Playlist: What Yahoo editors are listening to now

This Is Not A Safe Place - Ride
This Is Not A Safe Place - Ride

Vernon Lee, Senior news editor

With the release of This Is Not A Safe Place in August 2019, shoegaze legends Ride have once again returned to the top tier of the UK albums chart. Its sixth studio album - and the second comeback album after Ride reformed in 2014 - reached No.7 at its peak. While the Oxford band are no longer performing effects-heavy songs that had elevated them to fame in their formative years, they are still capable of crafting tuneful, poppy melodies such as “Future Love” and “Clouds of Saint Marie”. Revving it up with the post-punk leaning “Kill Switch” and the electro-tinged “Repetition” and winding down a notch with the acoustic-driven “Shadows Behind the Sun”, the quartet show that they are capable of reinventing themselves and staying ahead of musical fads. A leap forward from Weather Diaries, their previous album, This Is Not A Safe Place exemplifies that the band are poised to craft another chapter beyond their illustrious 30-year musical journey.

Fear Inoculum - Tool
Fear Inoculum - Tool

Dhany Osman, News editor/Senior content producer

After a 13-year wait Tool has finally released another album and it sounds... just like Tool! Danny Carey’s hypnotic poly-rhythms, Justin Chancellor’s epic bass tone, Adam Jones’ darker-than-the-abyss riffs and Maynard’s creeping, syncopated vocals - they’re all there on Fear Inoculum.

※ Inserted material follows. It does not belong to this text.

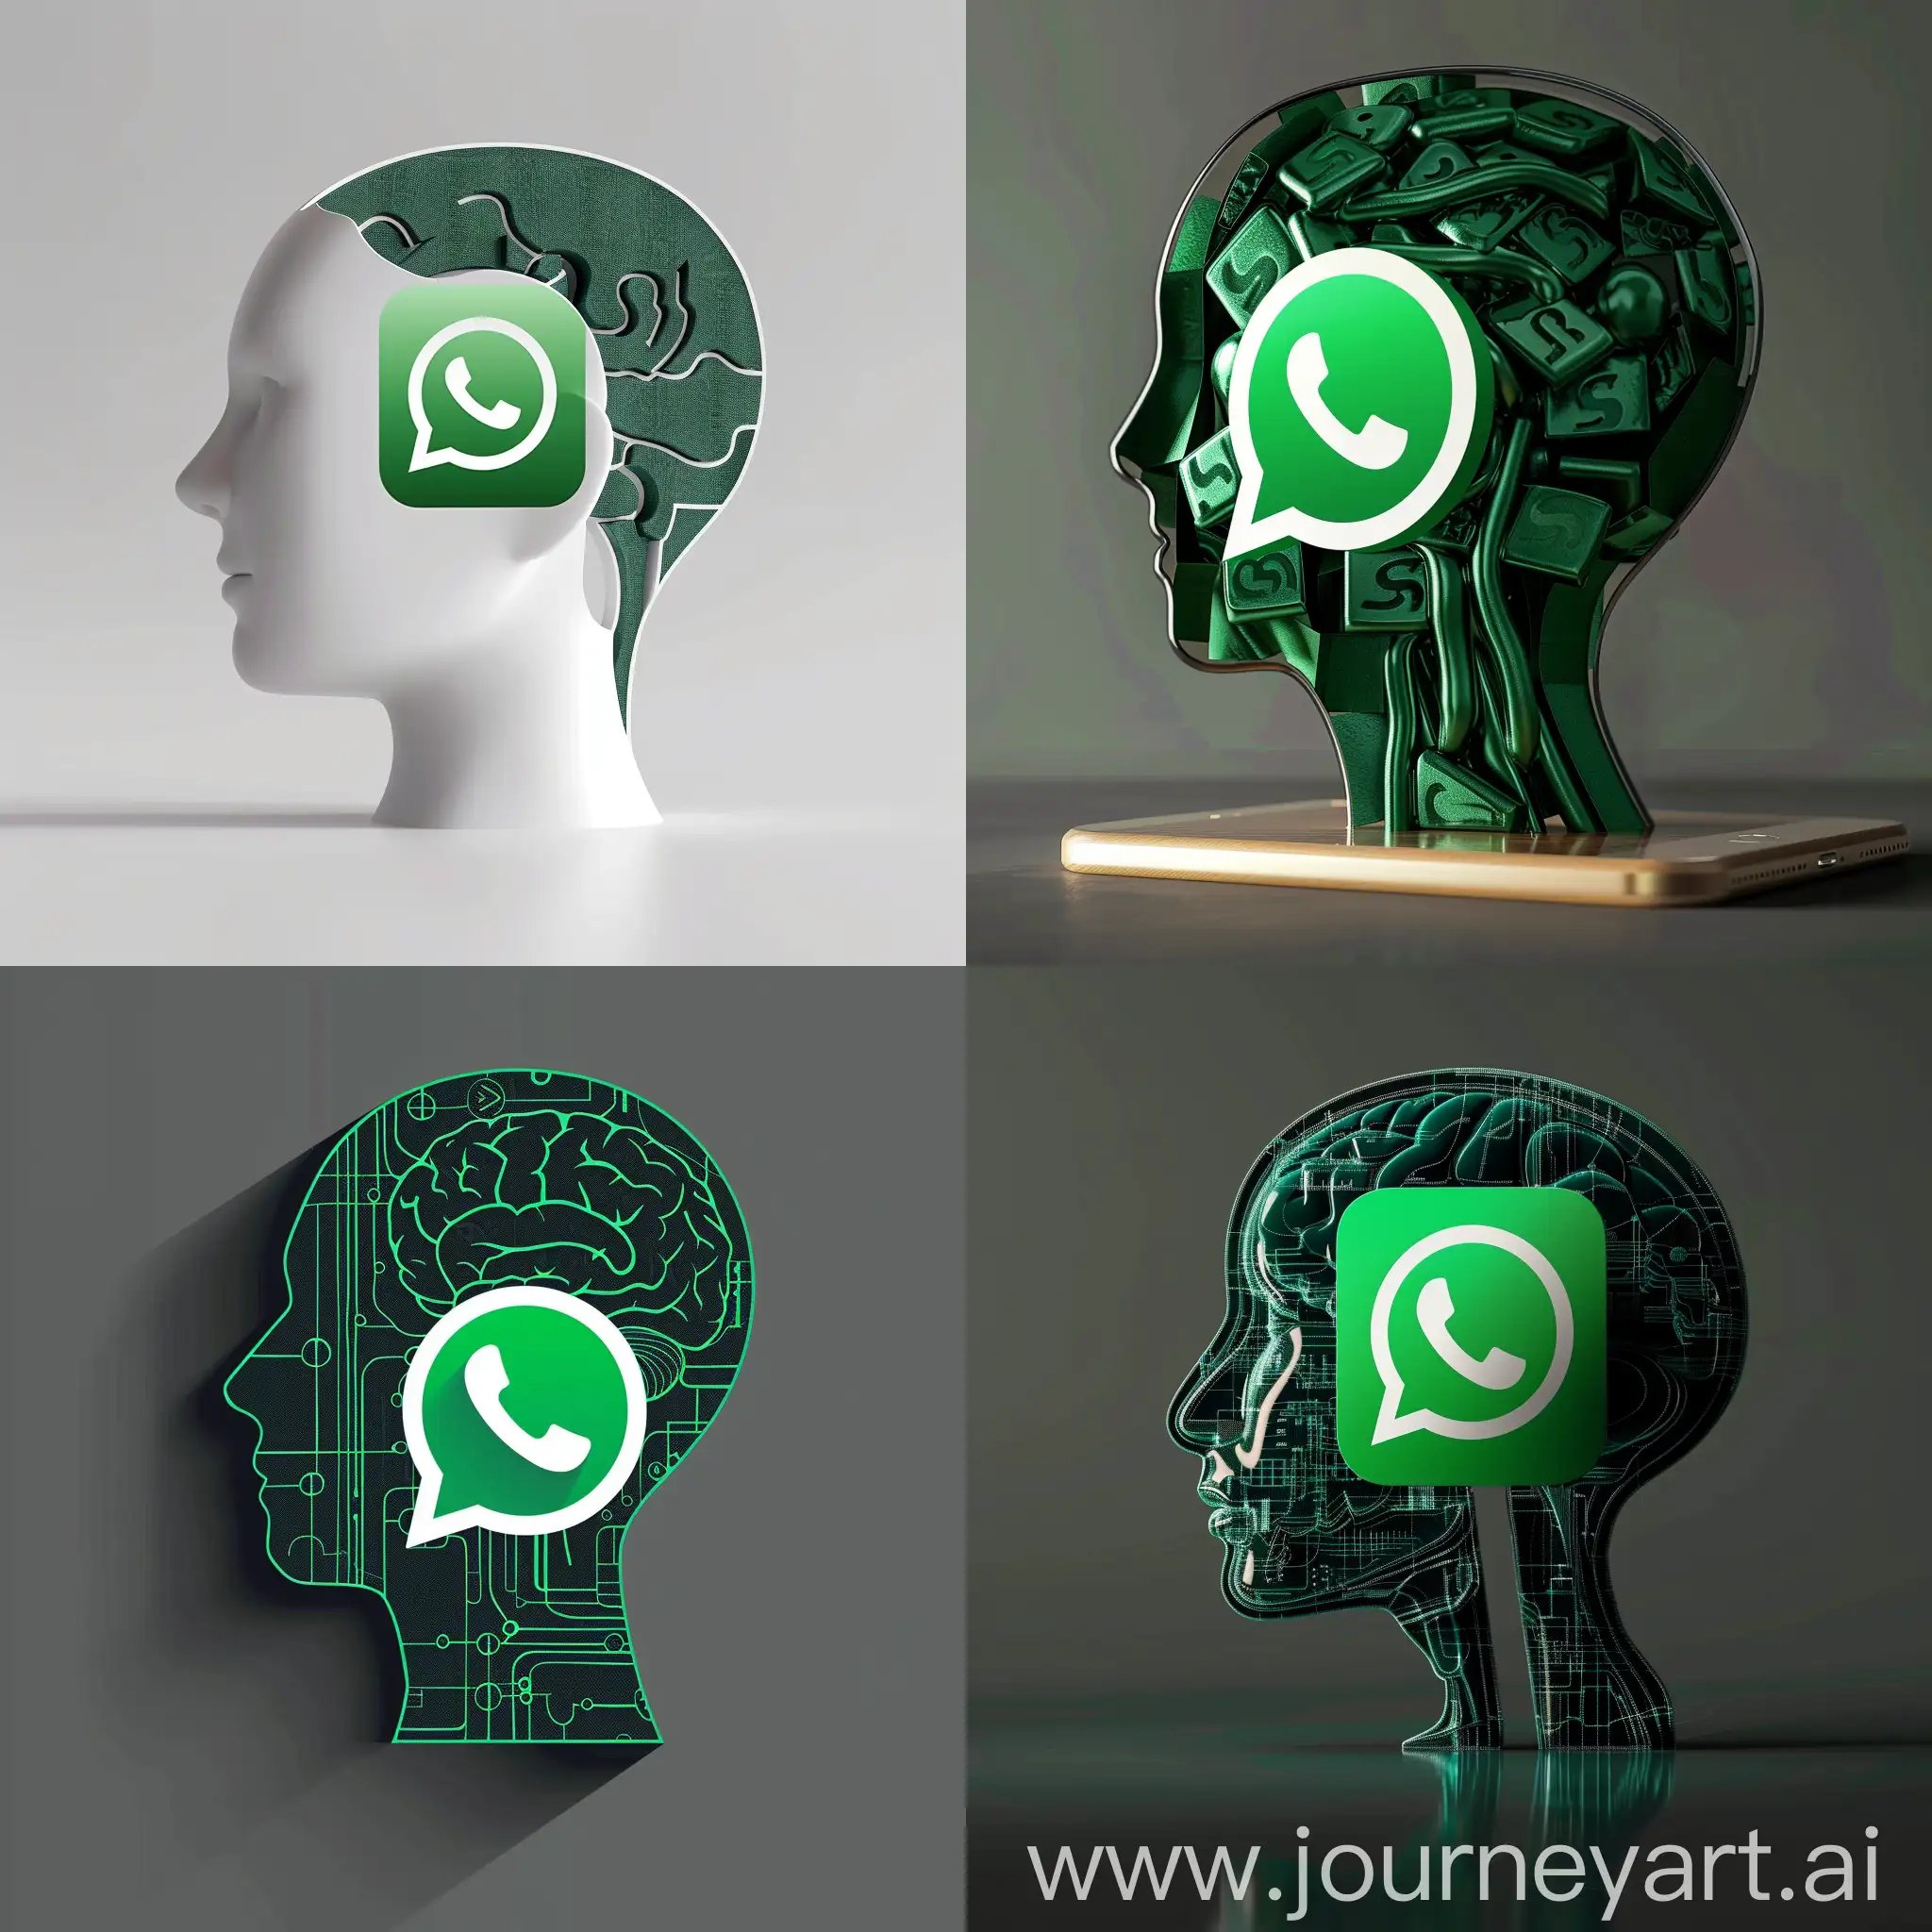 whatsapp logo as a humen head

At just under 80 minutes there’s more than enough to please long-time fans. Tracks like “7empest” and “Descending” are as heavy and catchy as anything the band’s ever done.

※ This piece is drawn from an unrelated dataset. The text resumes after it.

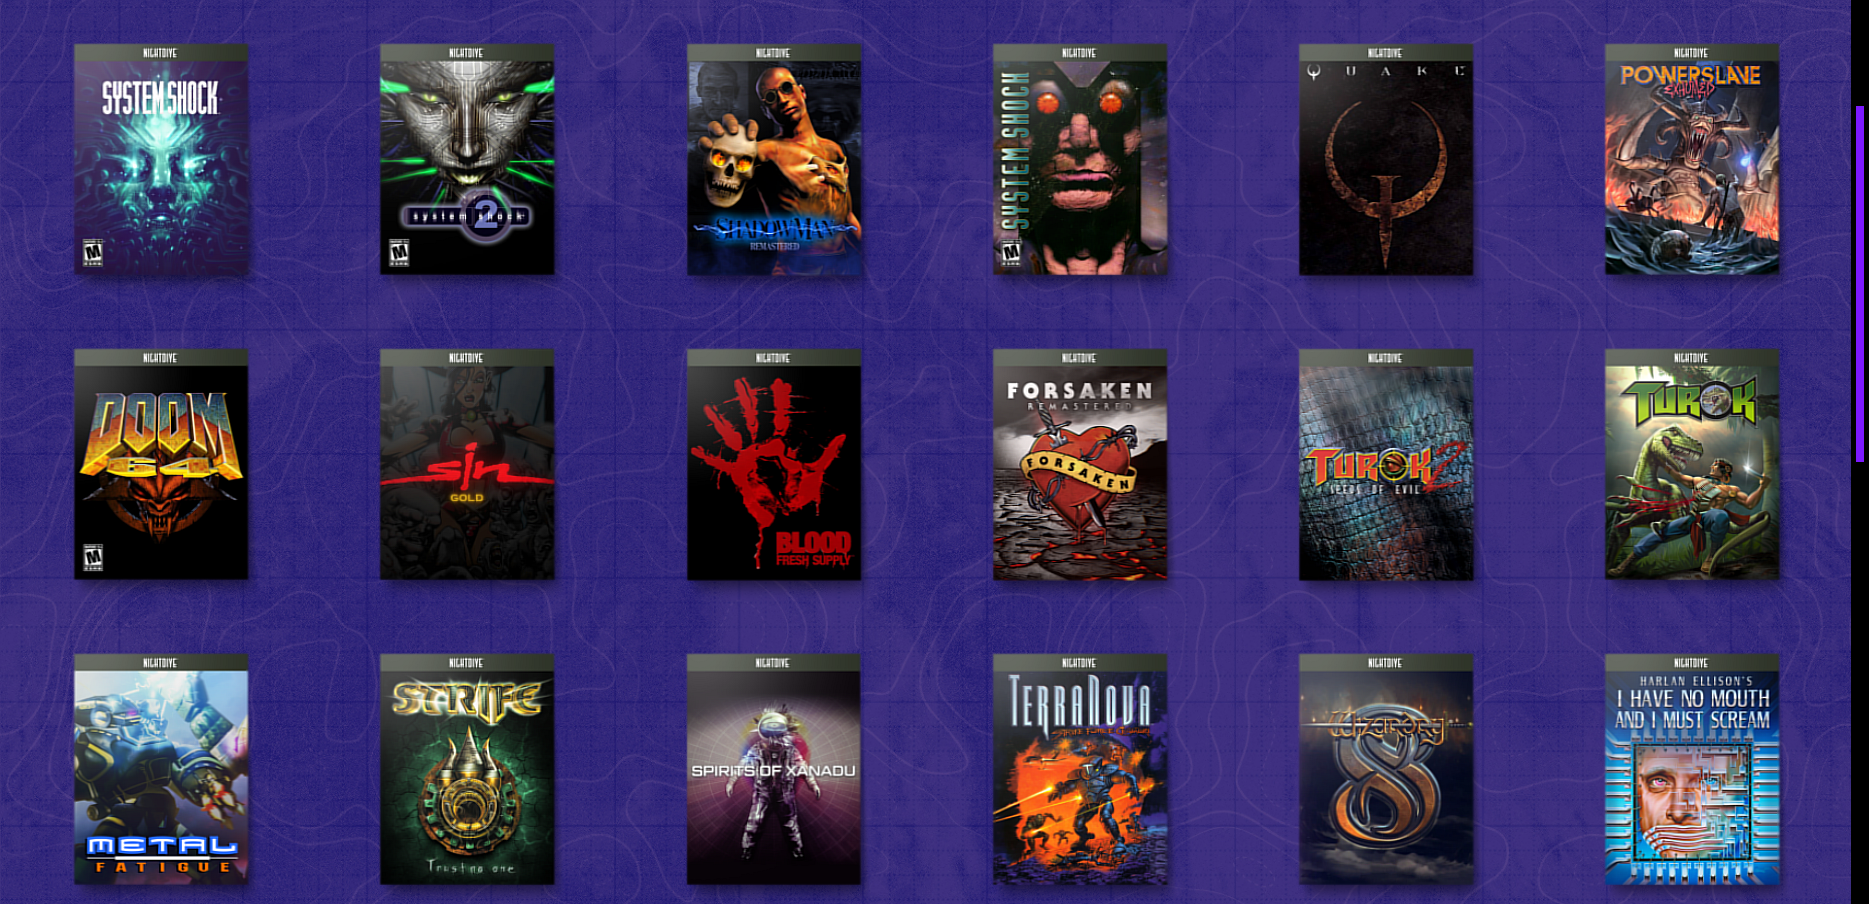 Imagem mostra alguns dos jogos retrô remasterizados pelos estúdios Nightdive

This is a band that’s set their own standard by crafting a singular sound - and Fear Inoculum is a testament to that accomplishment.

Ghosteen - NIck Cave and The Bad Seeds
Ghosteen - NIck Cave and The Bad Seeds

Reta Lee, Editor-in-chief

I sporadically pick up Nick Cave’s response to fan mail every now and then, ever since he launched his journal that showed off his brutally honest and raw answers. And of course, he revealed his double album Ghosteen, alongside the Renaissance-like cover and tracklist in issue #63. Ghosteen trails after the band’s 2016 Skeleton Tree, and sounds like a warmer companion albeit coupled with eerie sounds and Nick’s numb prose. Occasionally you’ll hear the gentle piano keys, and dark rhythm that picks up when he sighs and longs for his late child’s return on “Waiting For You.”

Well, I'm just waiting for you
Waiting for you, waiting for you
Waiting for you, waiting for you
Waiting for you

Or the howling on “Your Funeral My Trial.” And the stretches of repeating lines again in “Spinning Sounds.”

It’s a hauntingly beautiful album that Nick Cave and Bad Seeds have recorded, that fits with the album’s lyrical themes. There’s so much depth and breadth in Nick’s Cave - emotive, full-bodied pieces of songs, recounted in hints of weariness and hope.